# [Exercise objective]
Repeat the whole listing word for word, skipping pictures.

# [Information provided]

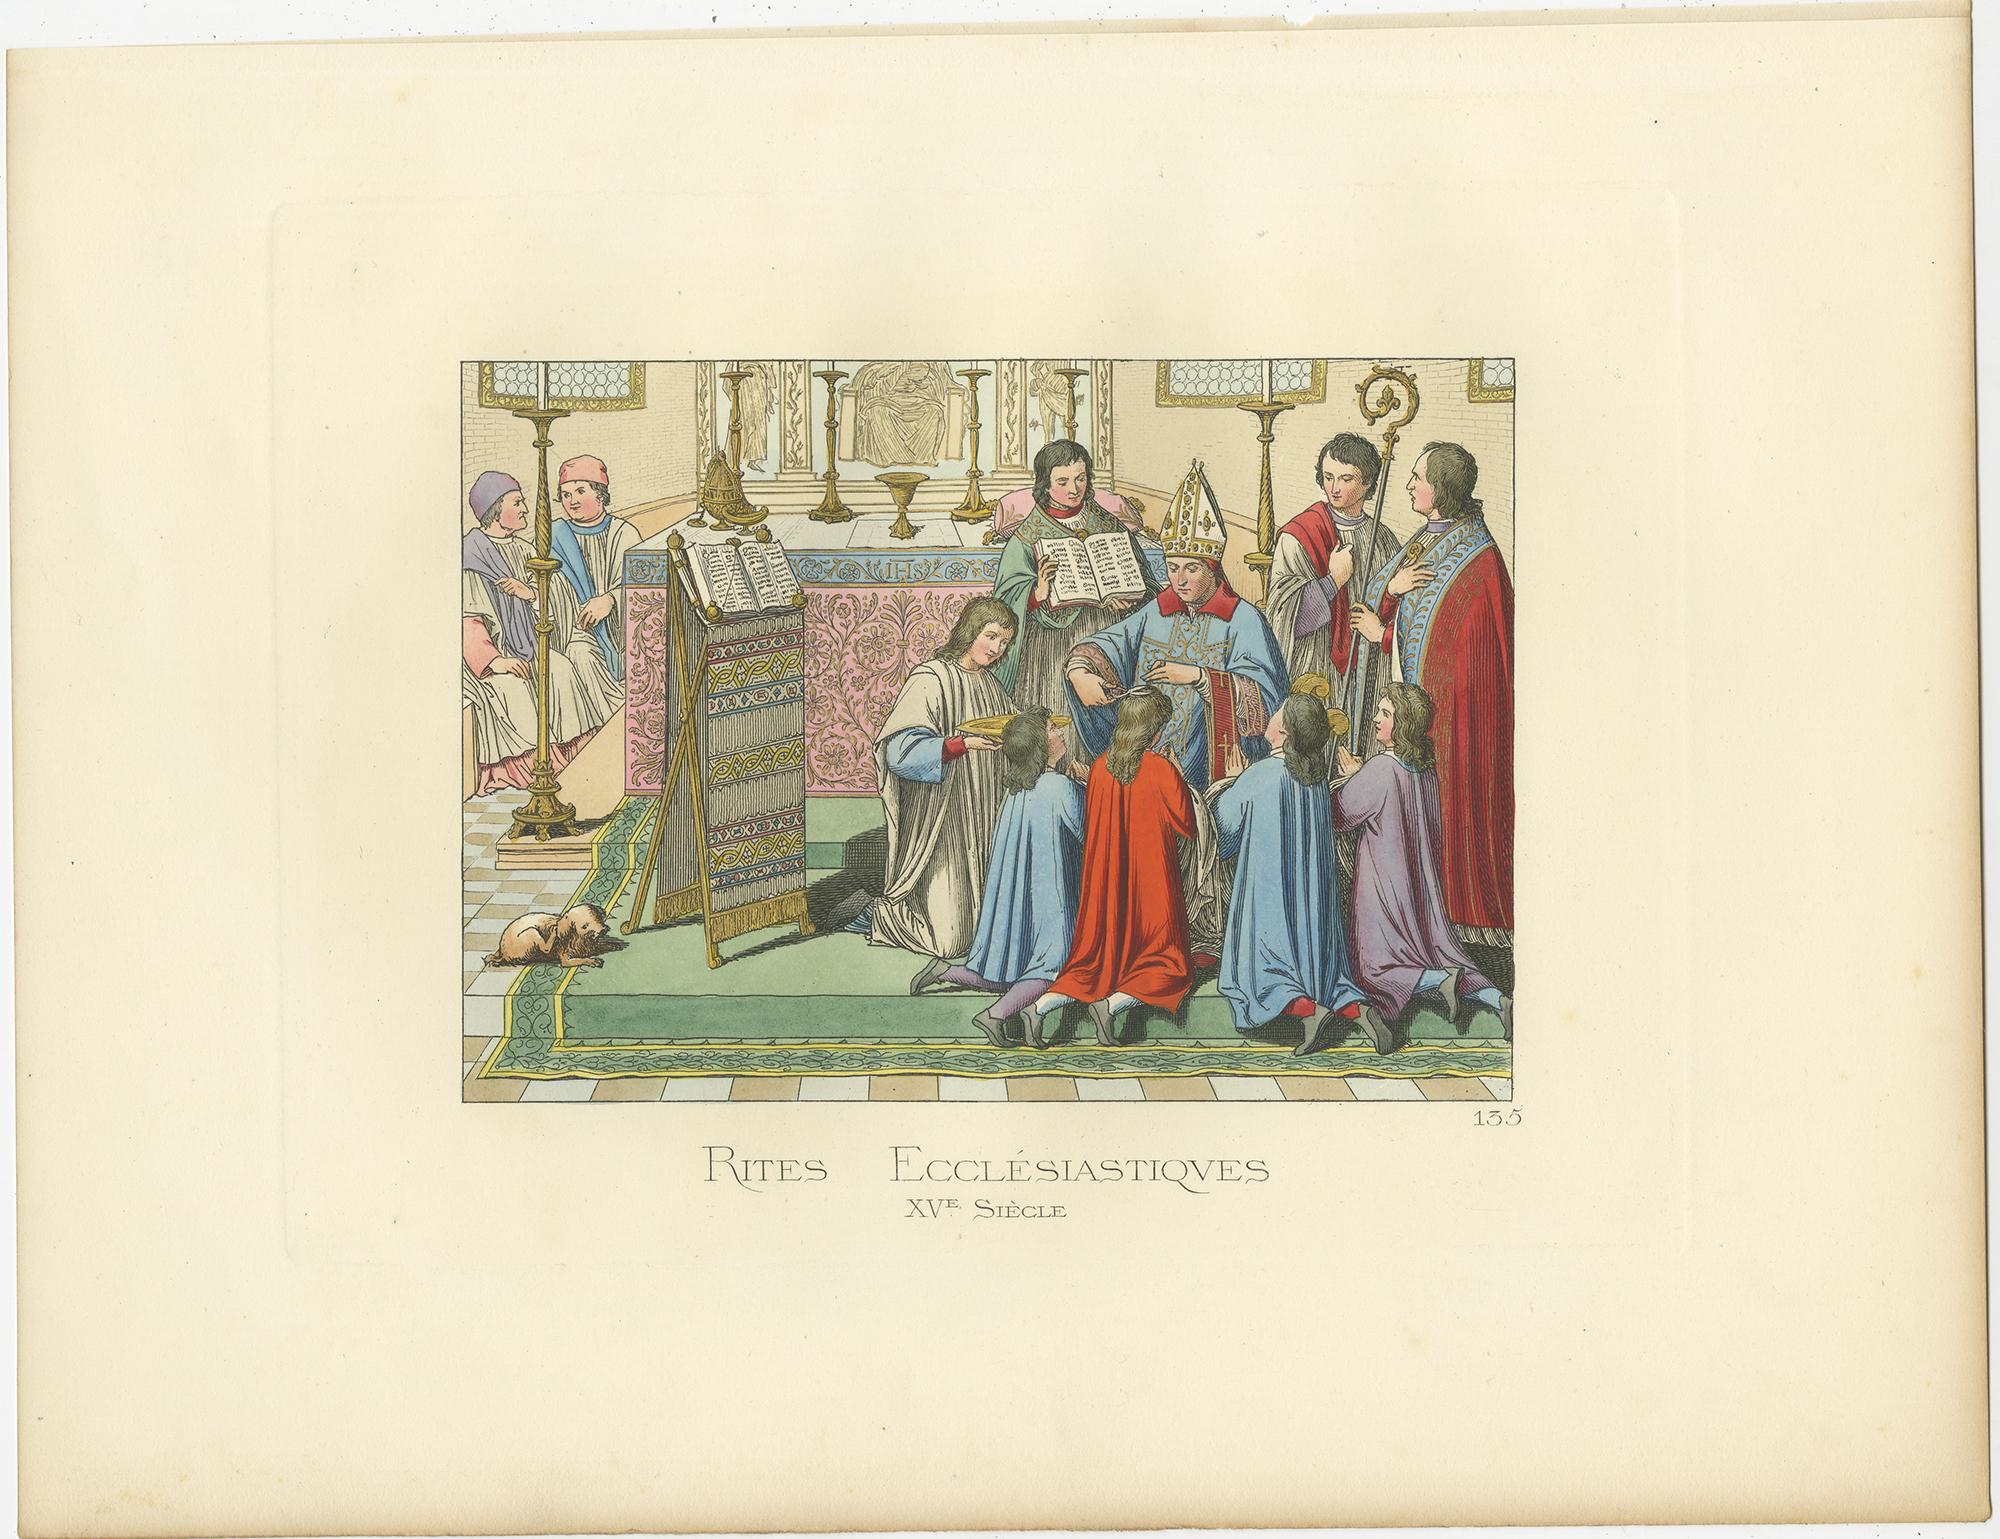 Paper Antique Print of Ecclesiastical Rites, 15th Century, by Bonnard, 1860 For Sale
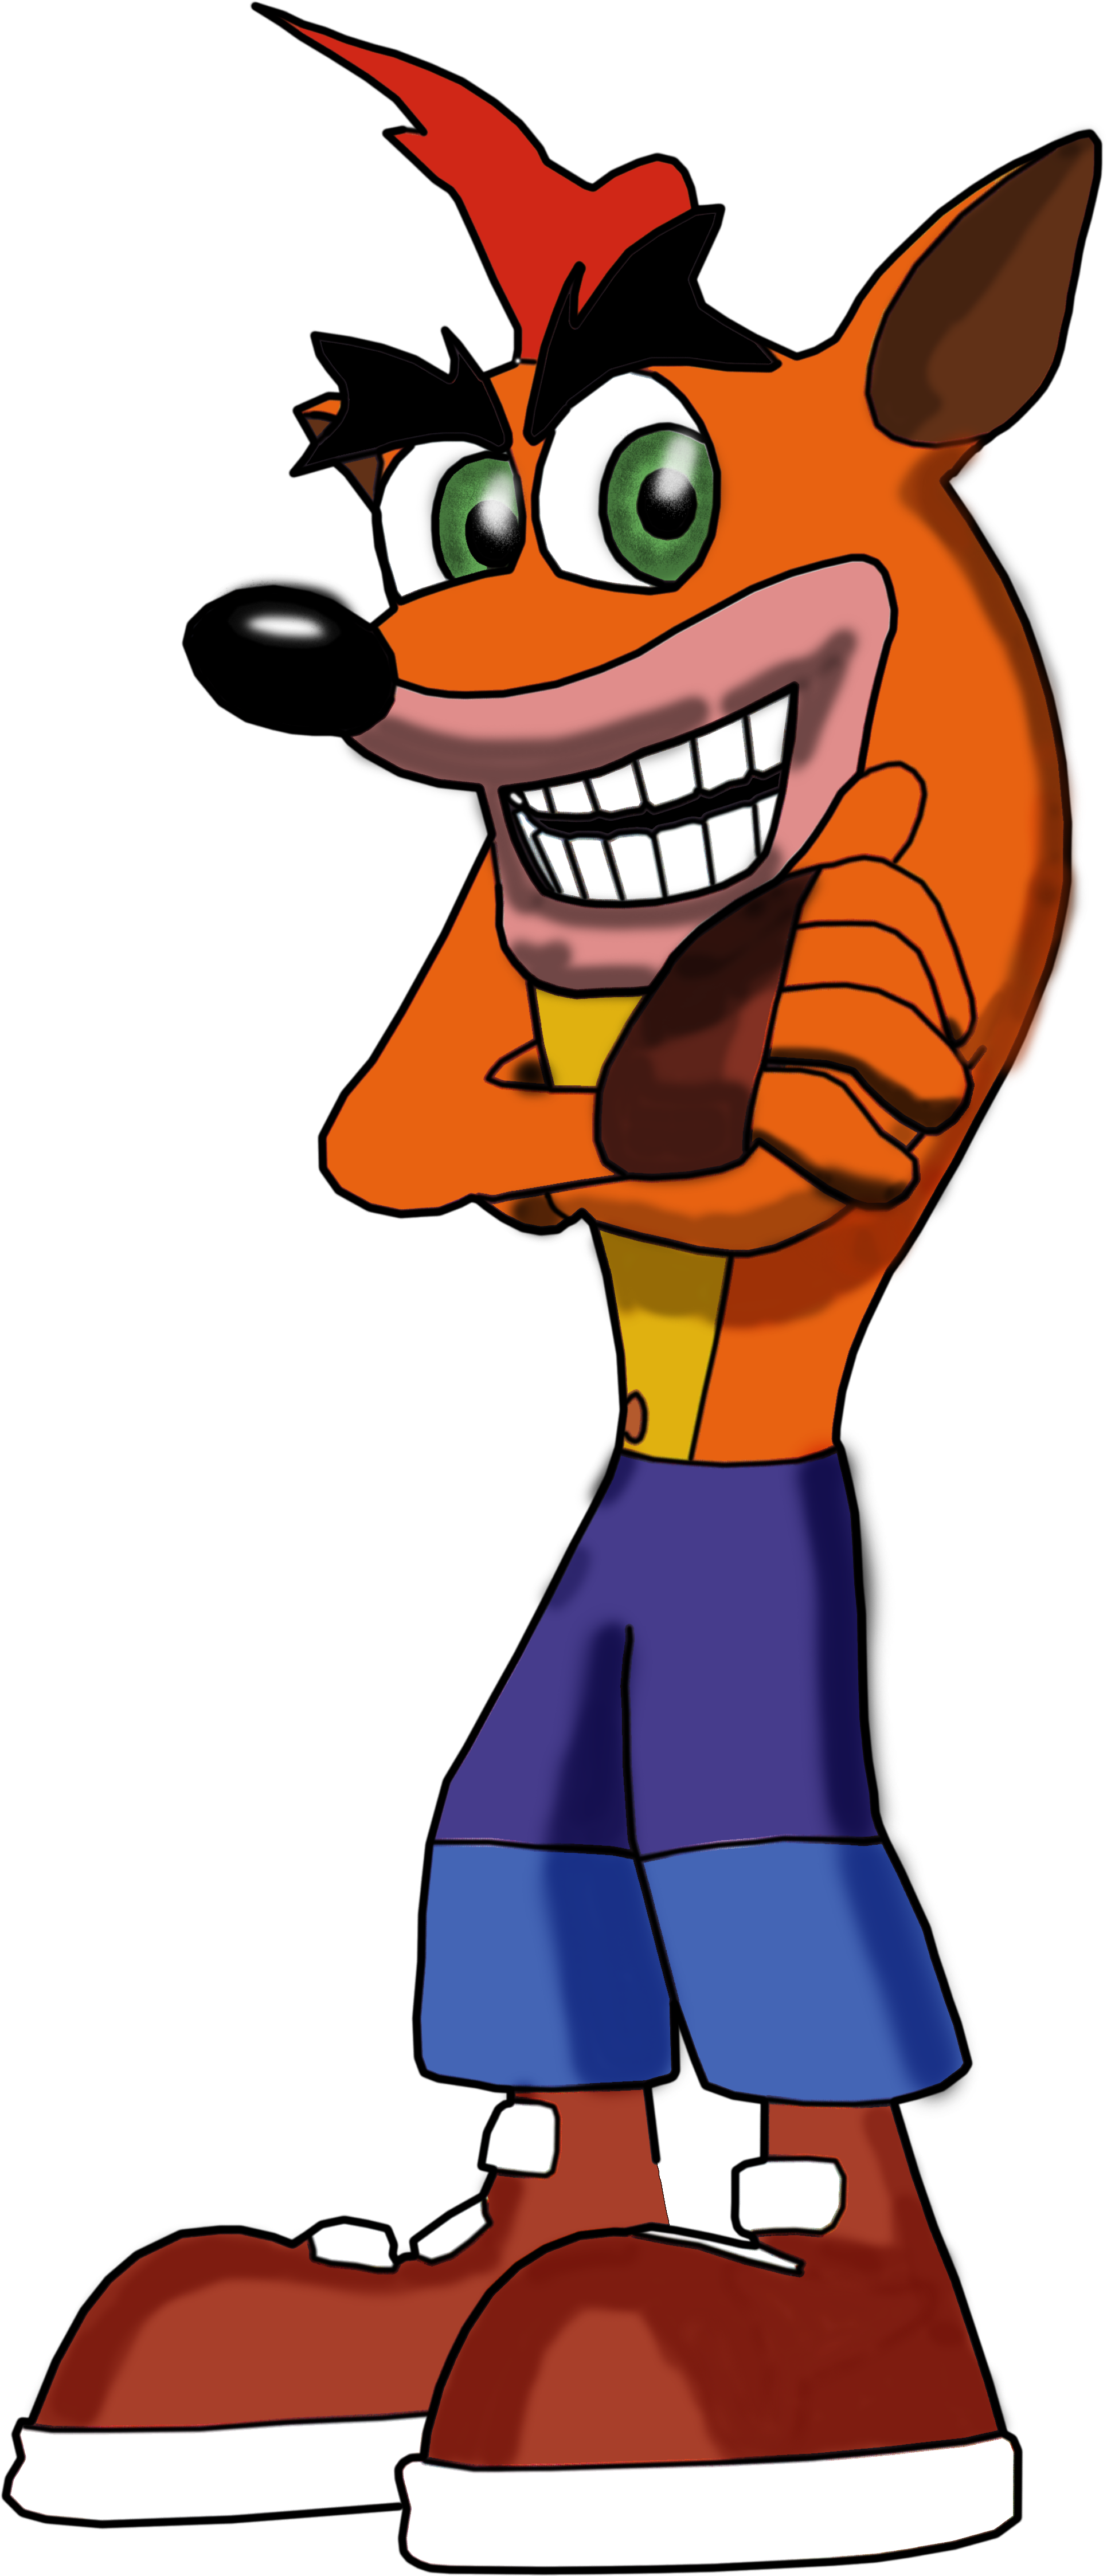 Gamefighter3000 Crash Bandicoot Classic By Gamefighter3000 - Crash Bandicoot Art Png (2608x4592)
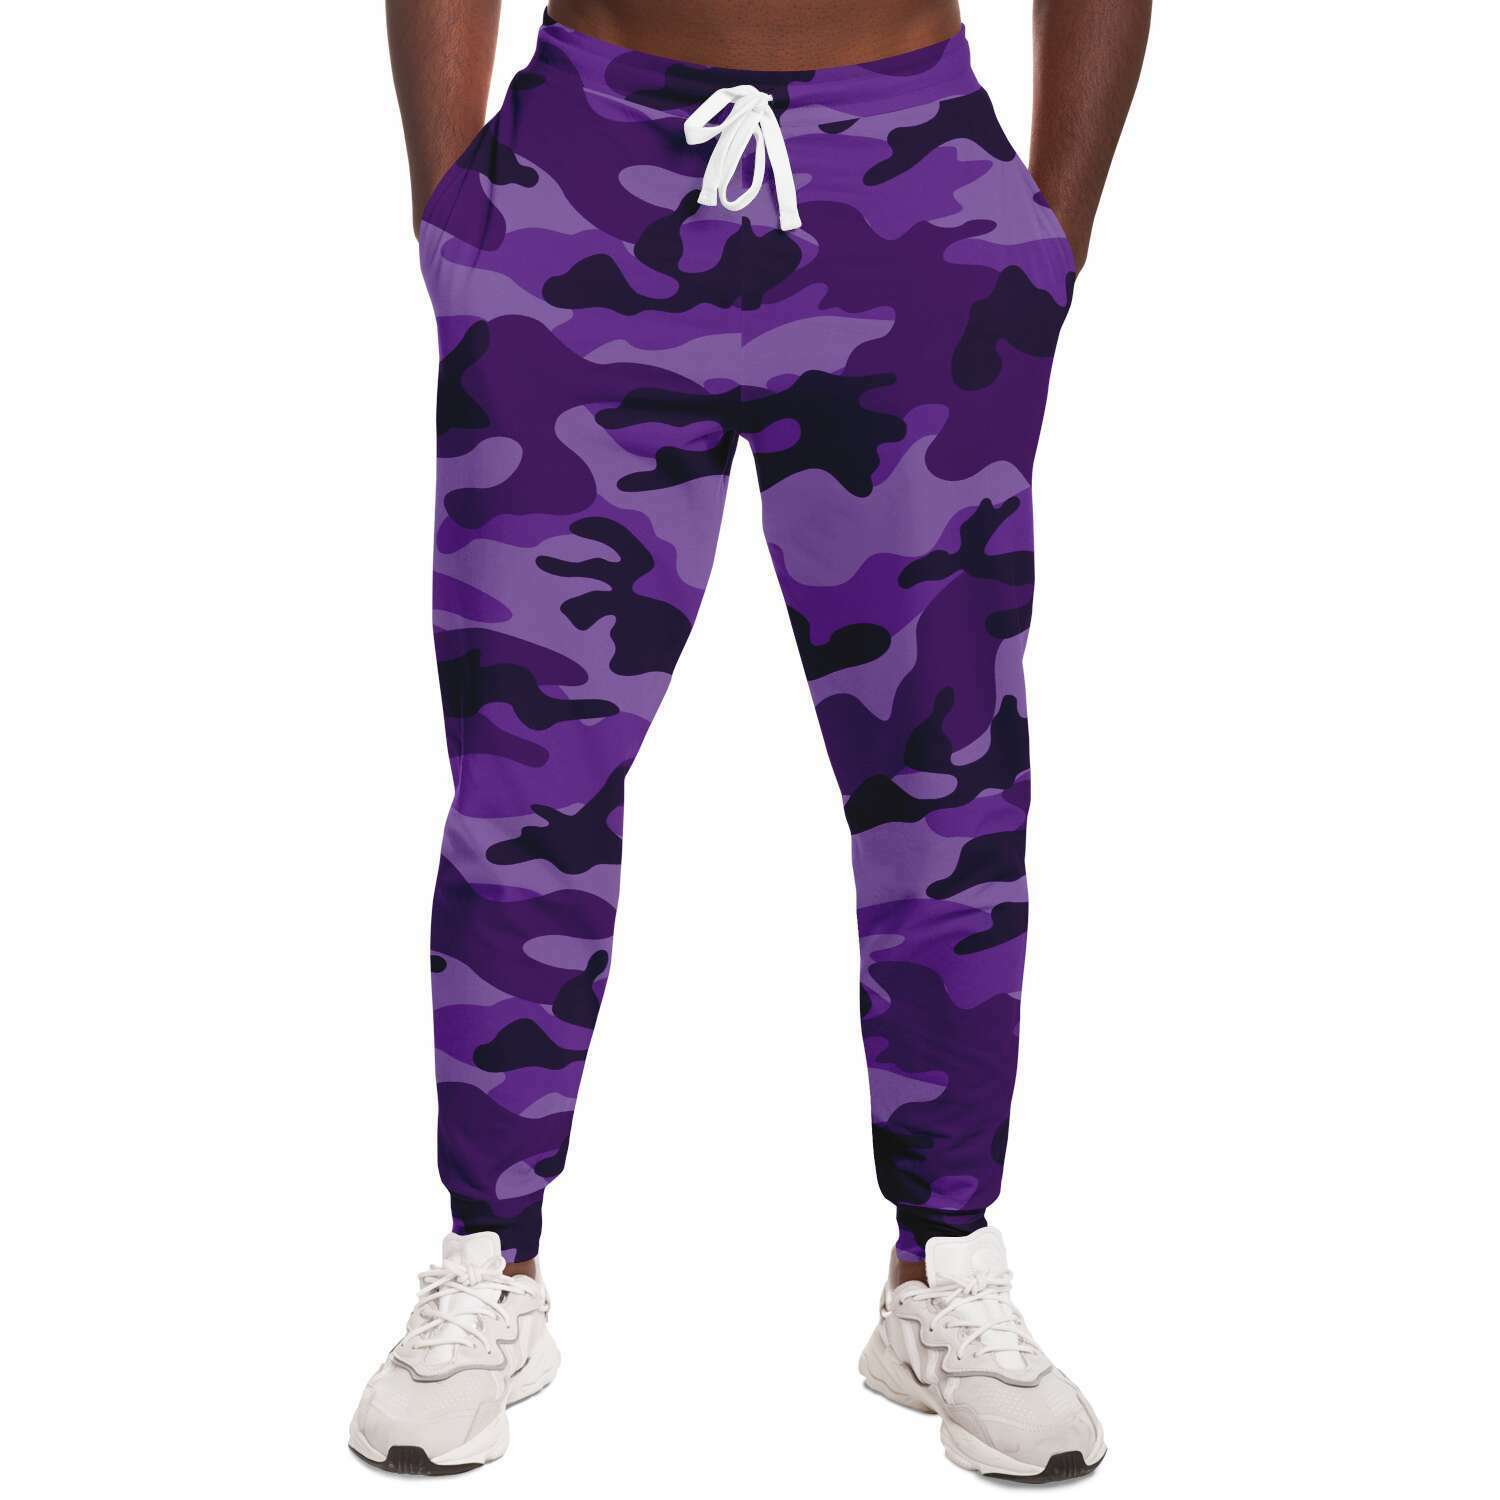 Unisex All Purple Camouflage Athletic Joggers

# [Finished task]
 Paper Antique Print of Ecclesiastical Rites, 15th Century, by Bonnard, 1860 For Sale
 Gamefighter3000 Crash Bandicoot Classic By Gamefighter3000 - Crash Bandicoot Art Png (2608x4592)
 Unisex All Purple Camouflage Athletic Joggers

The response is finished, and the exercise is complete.